Massachusetts-based Lantos Technologies has announced clearance from the United States Food & Drug Administration (FDA) to market the Lantos 3D Ear Scanning System.  Initially developed in the laboratories of Massachusetts Institute of Technology, the system streamlines the process of obtaining ear topology measurements for custom-fit earpiece devices.  The Lantos System is the first 3D ear scanning technology to attain clearance as a 510(k) Medical Device.

Lantos’ technology is designed to replace the current process of taking a silicone impression for the production of custom-fit ear devices.  According to Jeffrey Leathe, CEO and Chairman of the Board at Lantos, “The straightforward process of obtaining a 3D representation of the ear canal by our system provides opportunities to improve efficiencies across the hearing device value chain.  We are excited to receive FDA 510(k) clearance – it demonstrates our commitment to offer innovative and disruptive technology that is both safe and efficacious”.

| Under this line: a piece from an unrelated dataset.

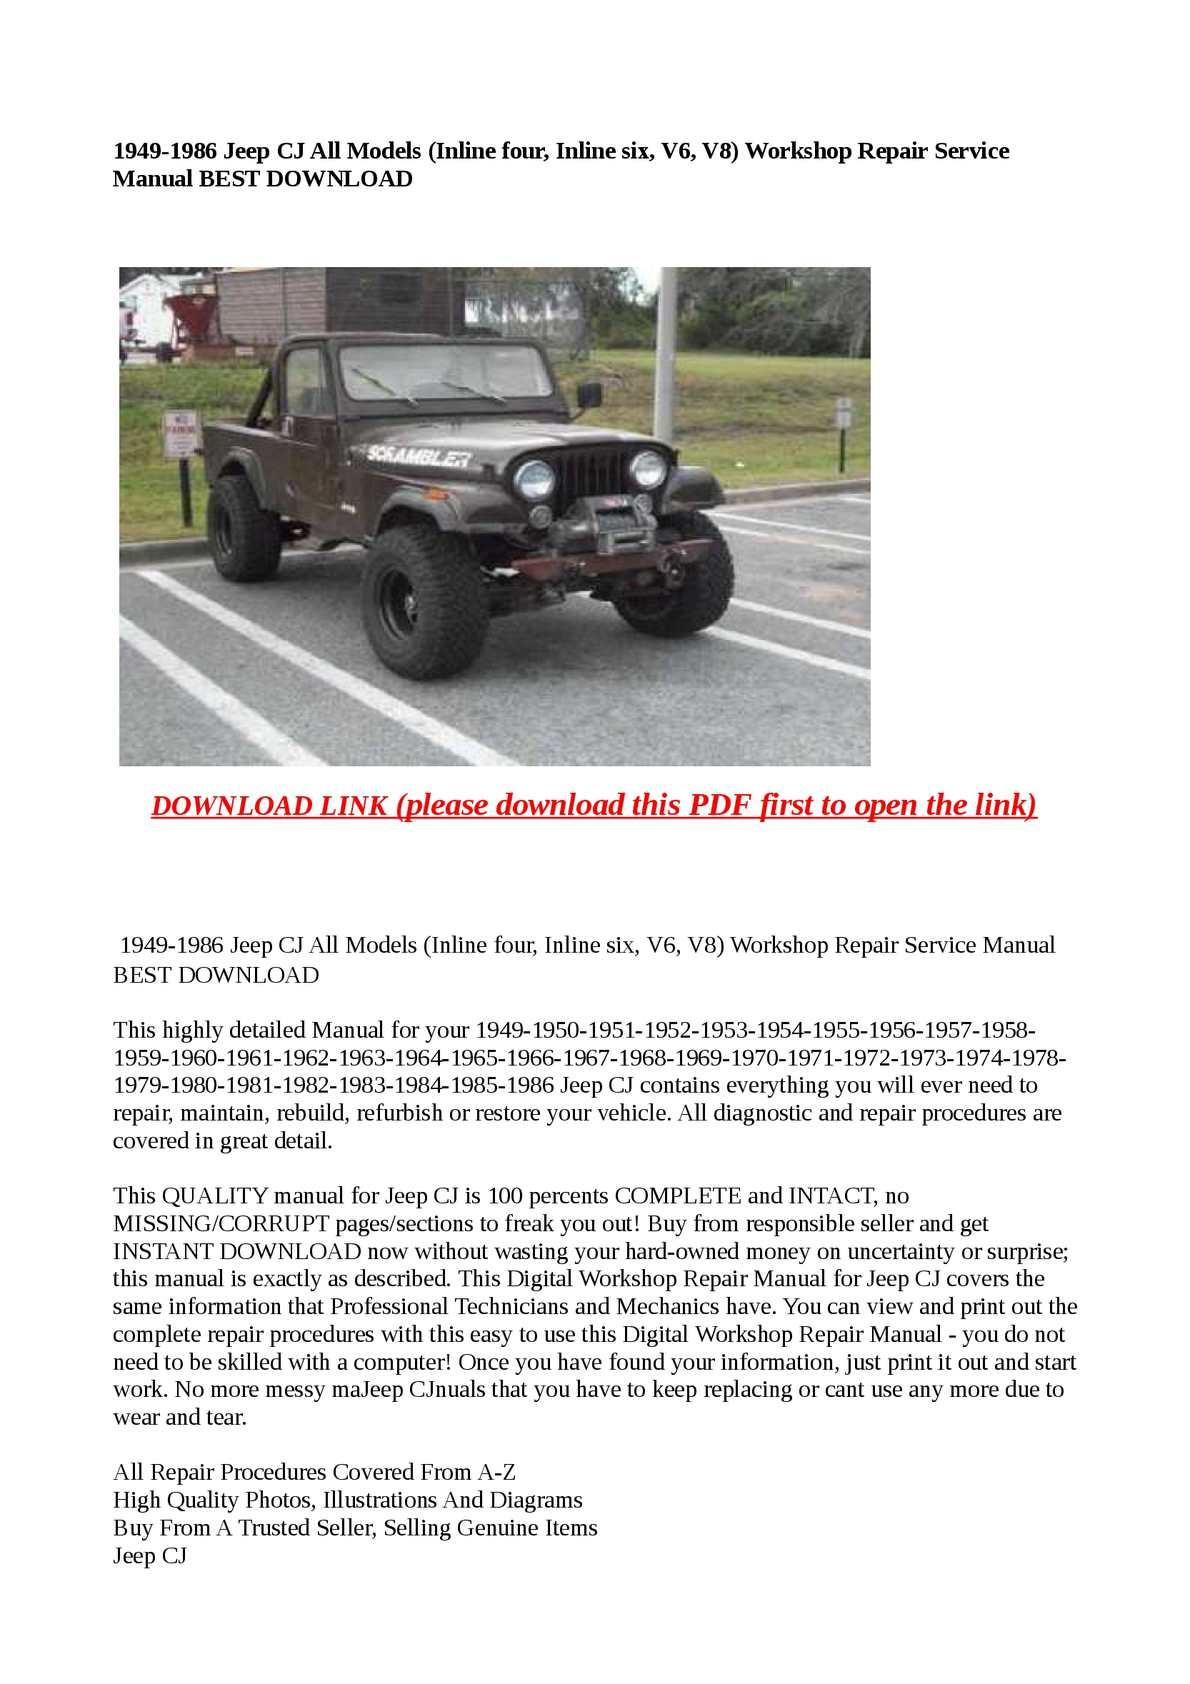 Calamo 1949 1986 Jeep Cj All Models Inline Four Six V6 1974 Series 3 Land Rover Wiring Diagram V8 Wor
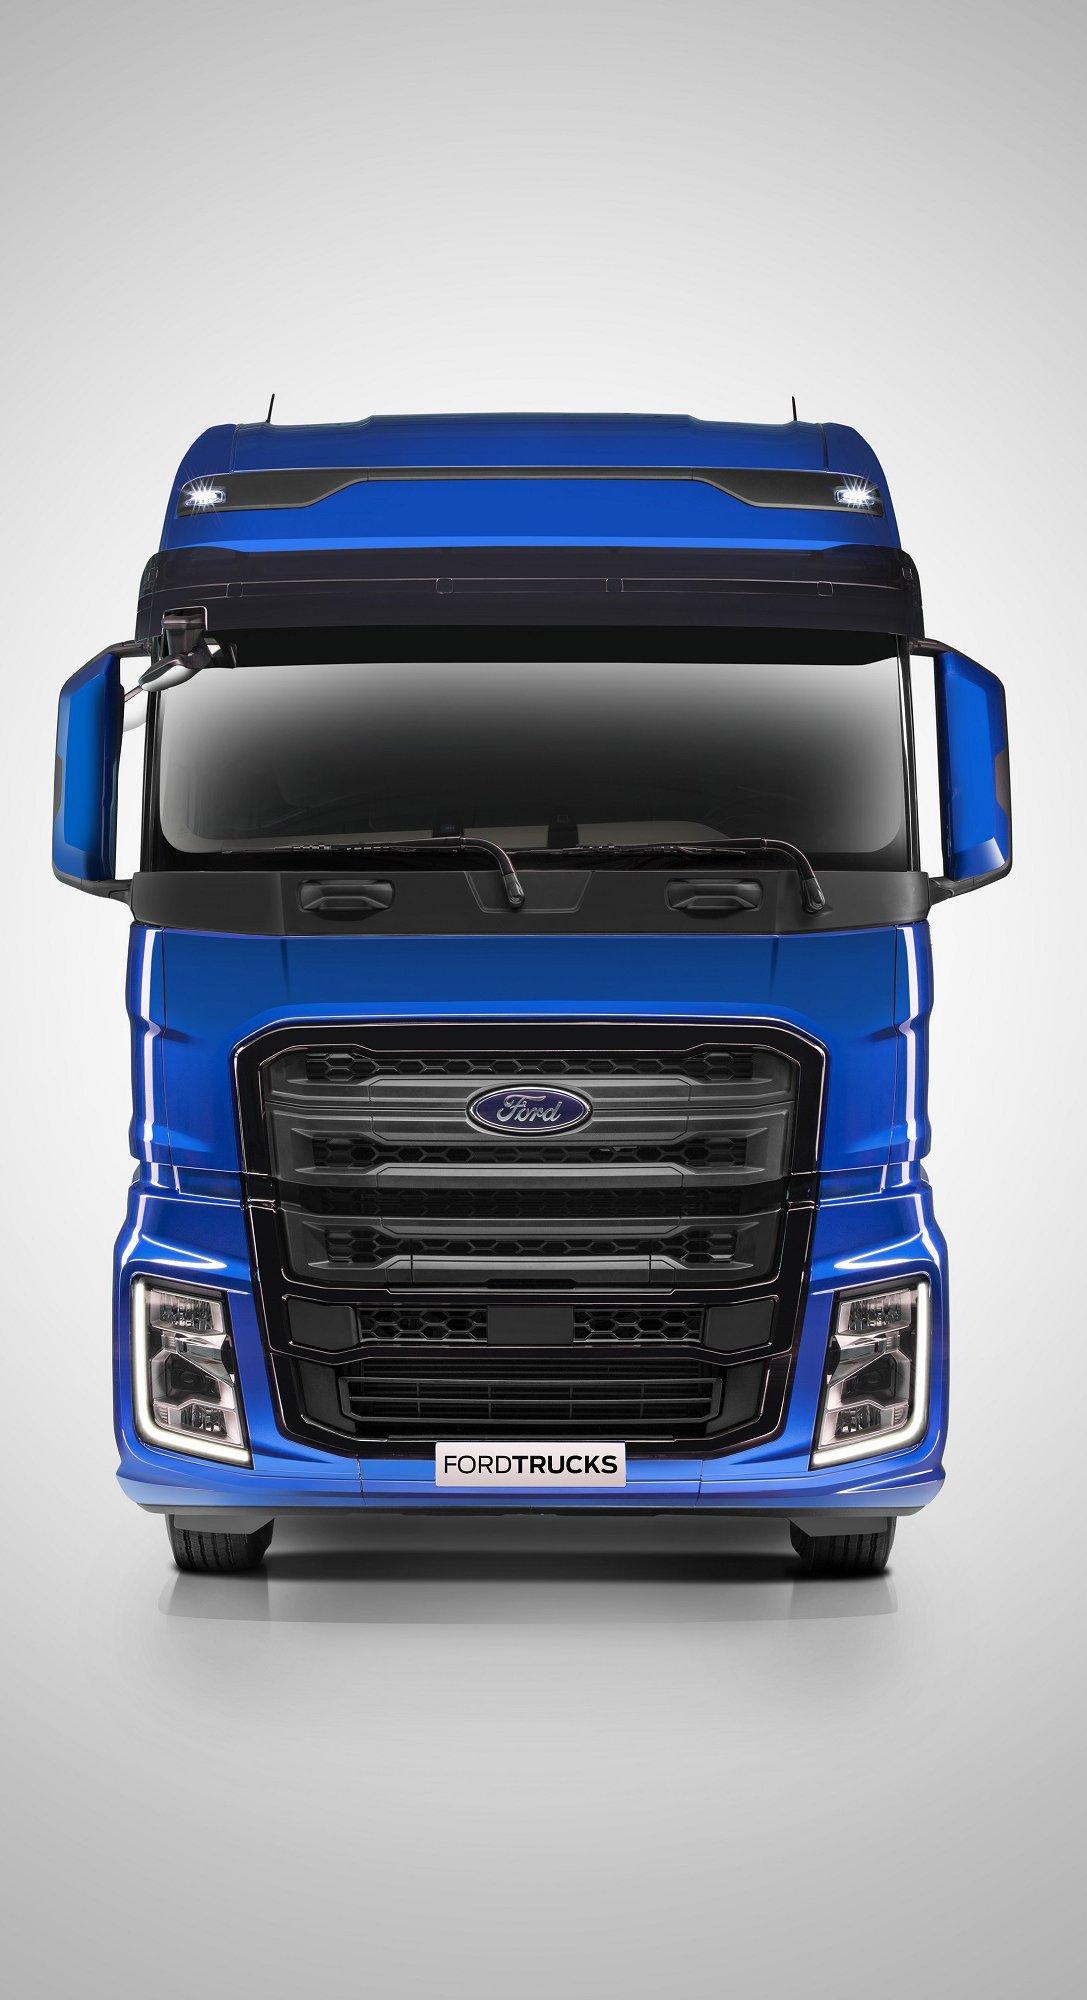 ford-trucks-yeni-cekici-2-kopya

The Lantos 3D Ear Scanning System is composed of a portable handheld scanner with a video otoscope for visualization and navigation of the ear canal.  A membrane-based consumable expands to conform to the ear canal anatomy.  The scope captures images and generates a 3D scan of the ear using state-of-the-art optics and stitching algorithms in less than one minute.  This approach enables the ability to measure changes in ear canal shape that accompany body movements such as opening the mouth, producing a dynamic 3D image of the canal that can be transferred electronically in a format applicable to any device manufacturer.

Possible applications include the hearing aid, consumer audio, industrial noise protection, military and communication markets.  The 3D Ear Scanning System will be commercially available later this year.